Activity:
The listing below should be written out word for word, with its pictures removed.

Data provided:
⟨

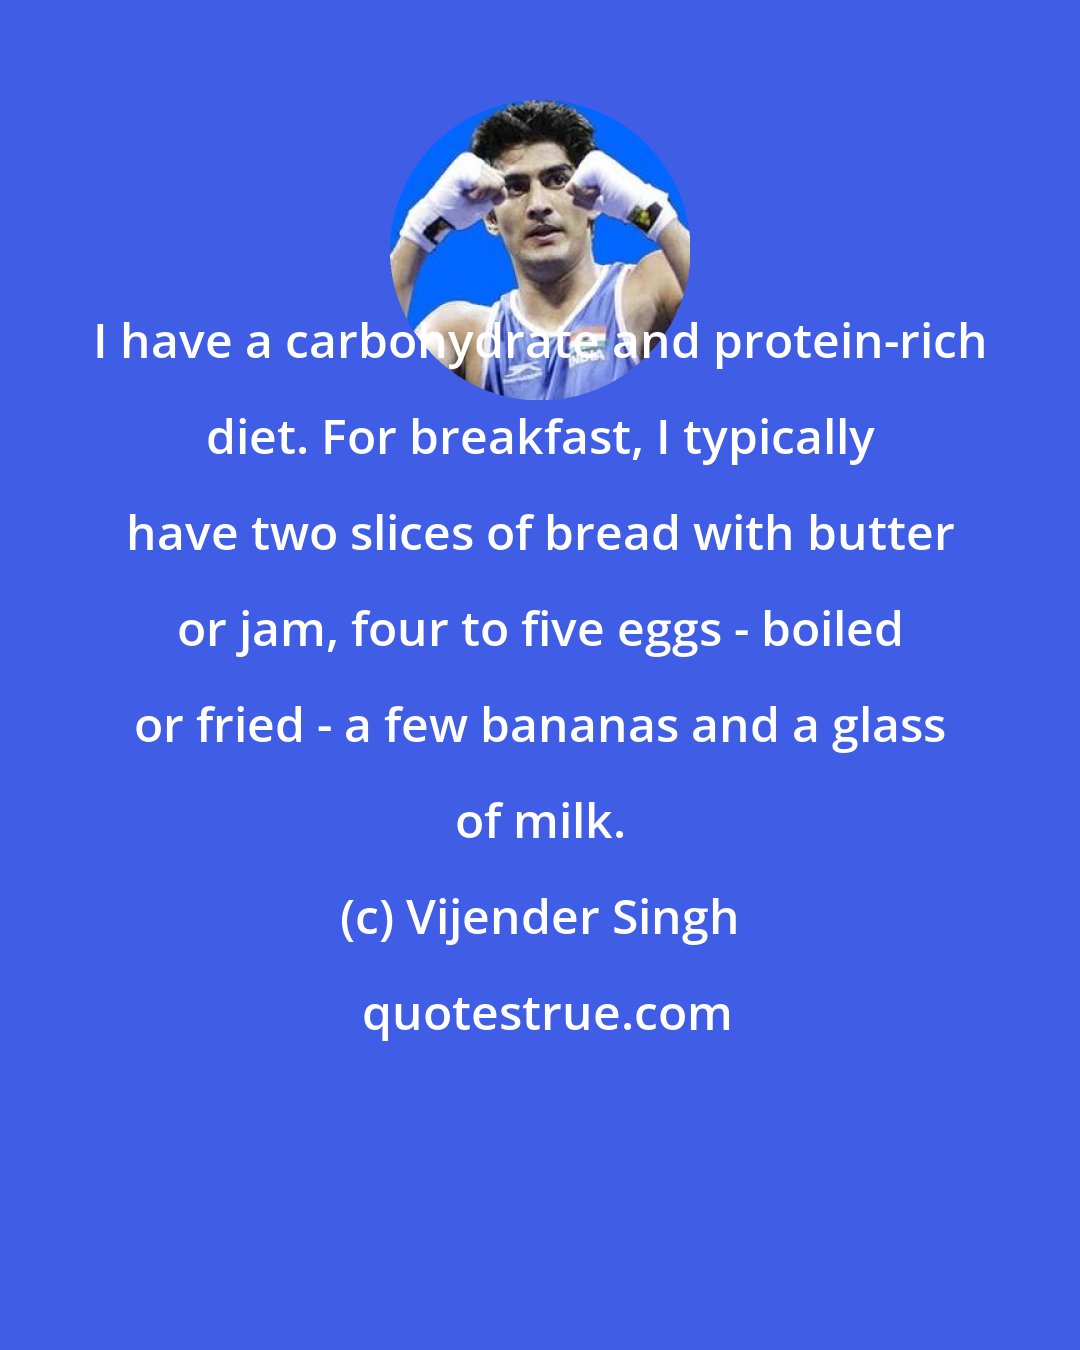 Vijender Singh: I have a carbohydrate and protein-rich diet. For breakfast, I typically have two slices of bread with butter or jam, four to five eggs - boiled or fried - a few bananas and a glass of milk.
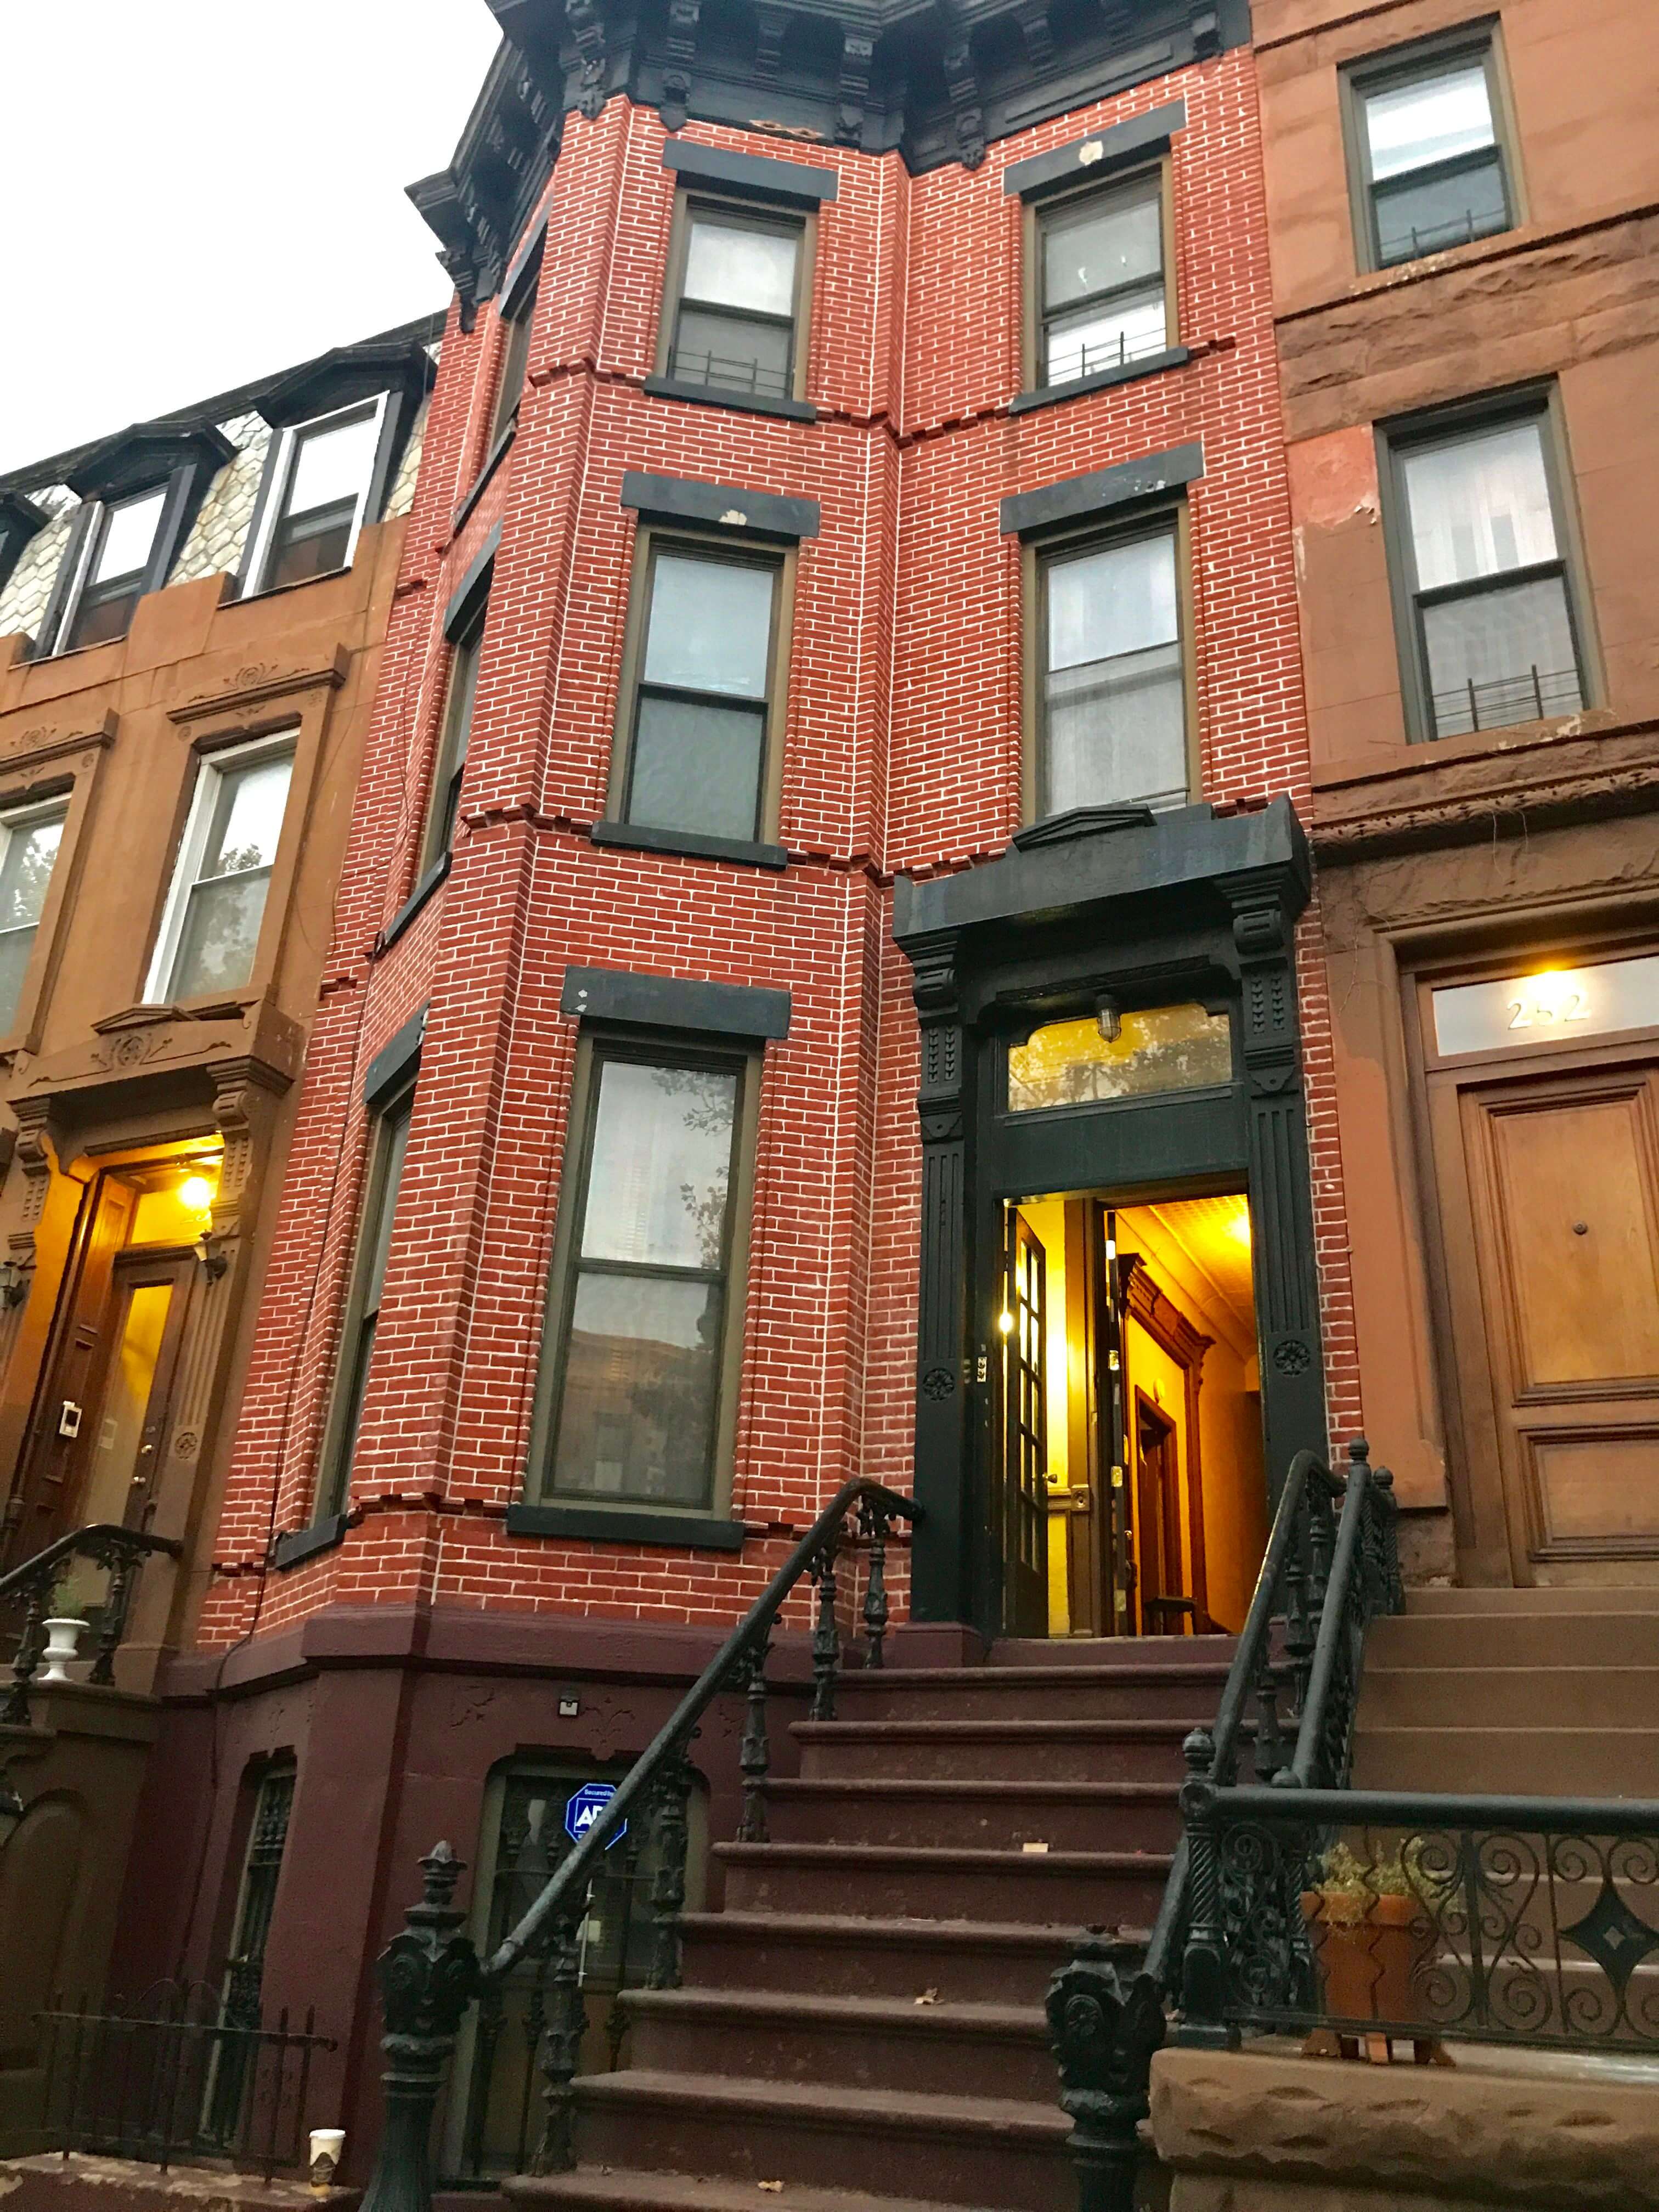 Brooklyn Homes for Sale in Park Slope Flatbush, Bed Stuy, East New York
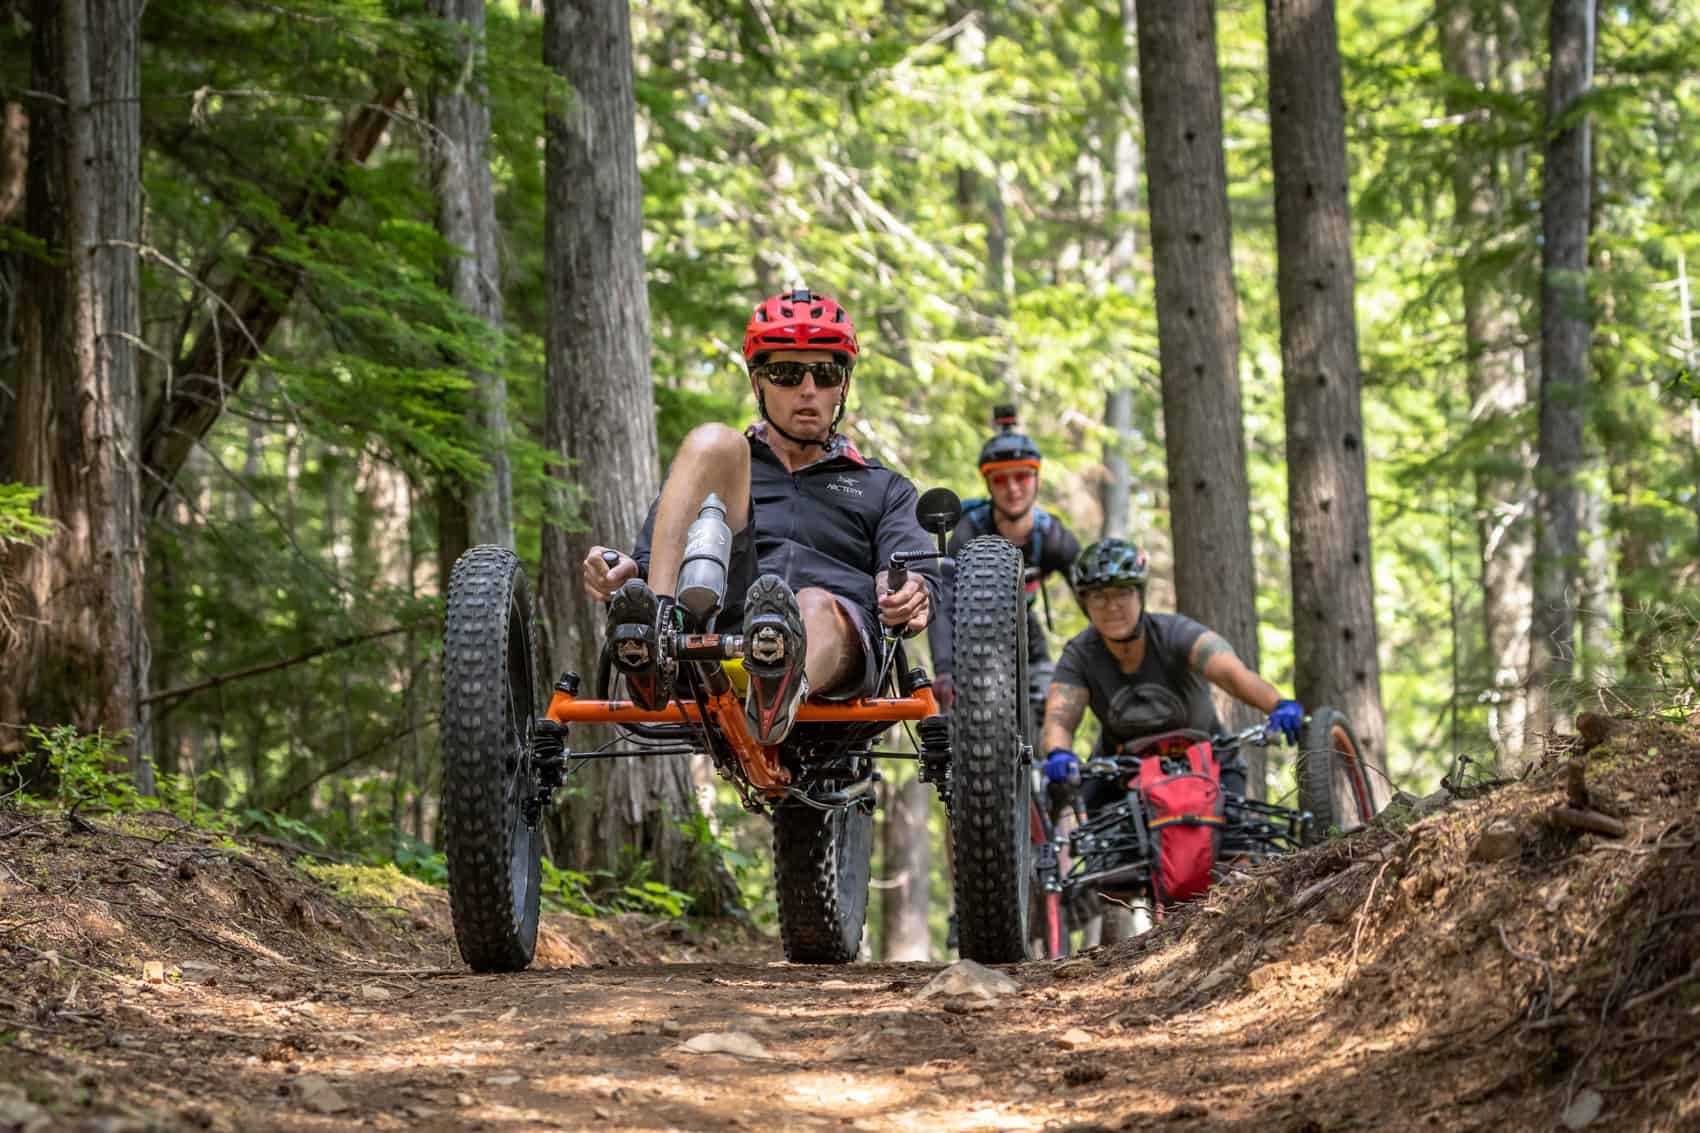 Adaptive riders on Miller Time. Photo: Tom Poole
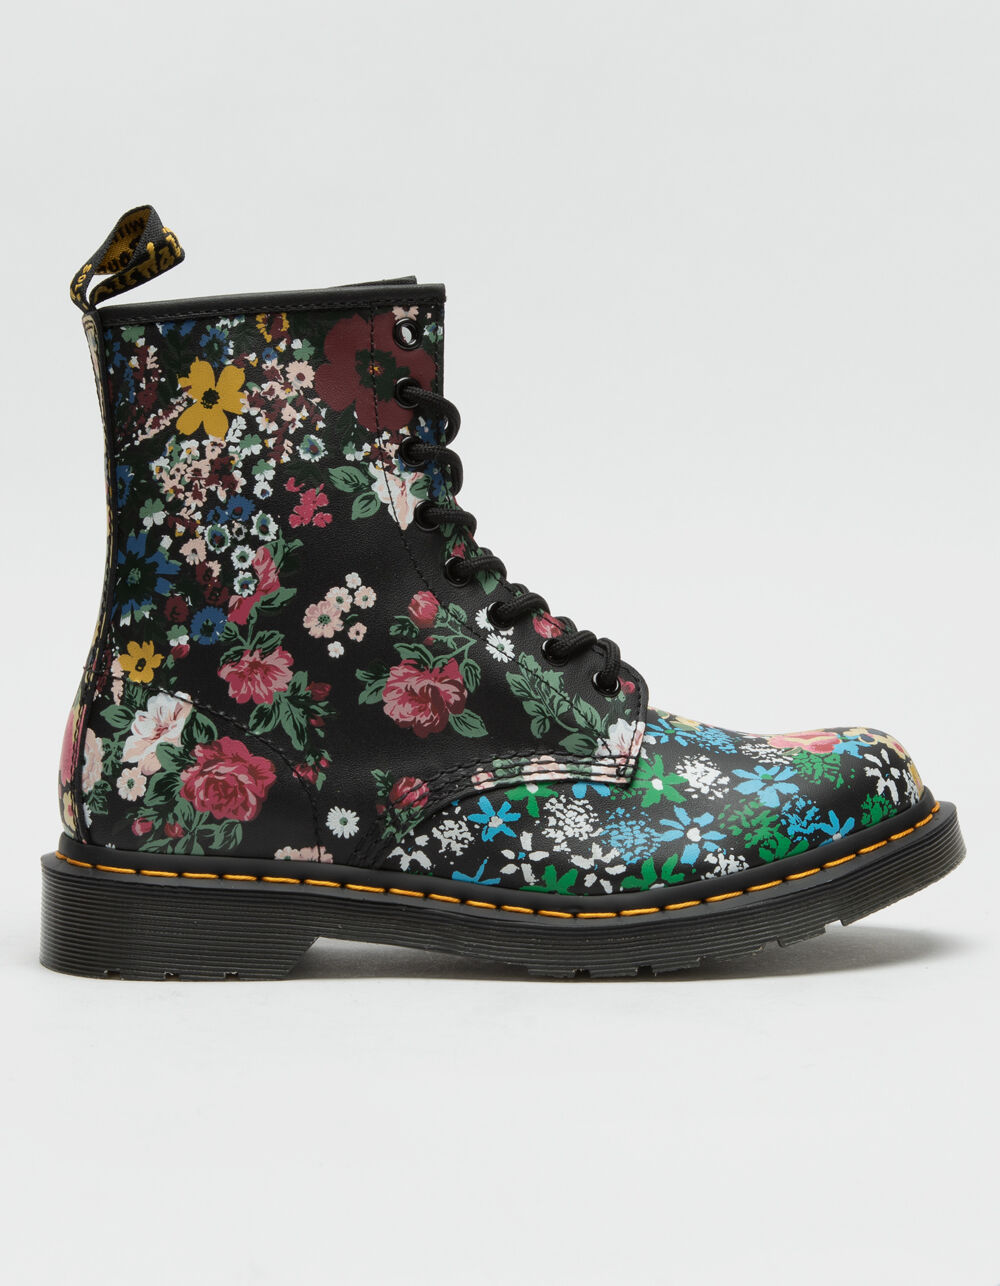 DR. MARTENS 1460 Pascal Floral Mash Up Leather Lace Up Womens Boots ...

⟩

Your solution:
 Vijender Singh: I have a carbohydrate and protein-rich diet. For breakfast, I typically have two slices of bread with butter or jam, four to five eggs - boiled or fried - a few bananas and a glass of milk.
 Brooklyn Homes for Sale in Park Slope Flatbush, Bed Stuy, East New York
 Adaptive riders on Miller Time. Photo: Tom Poole
 DR. MARTENS 1460 Pascal Floral Mash Up Leather Lace Up Womens Boots ...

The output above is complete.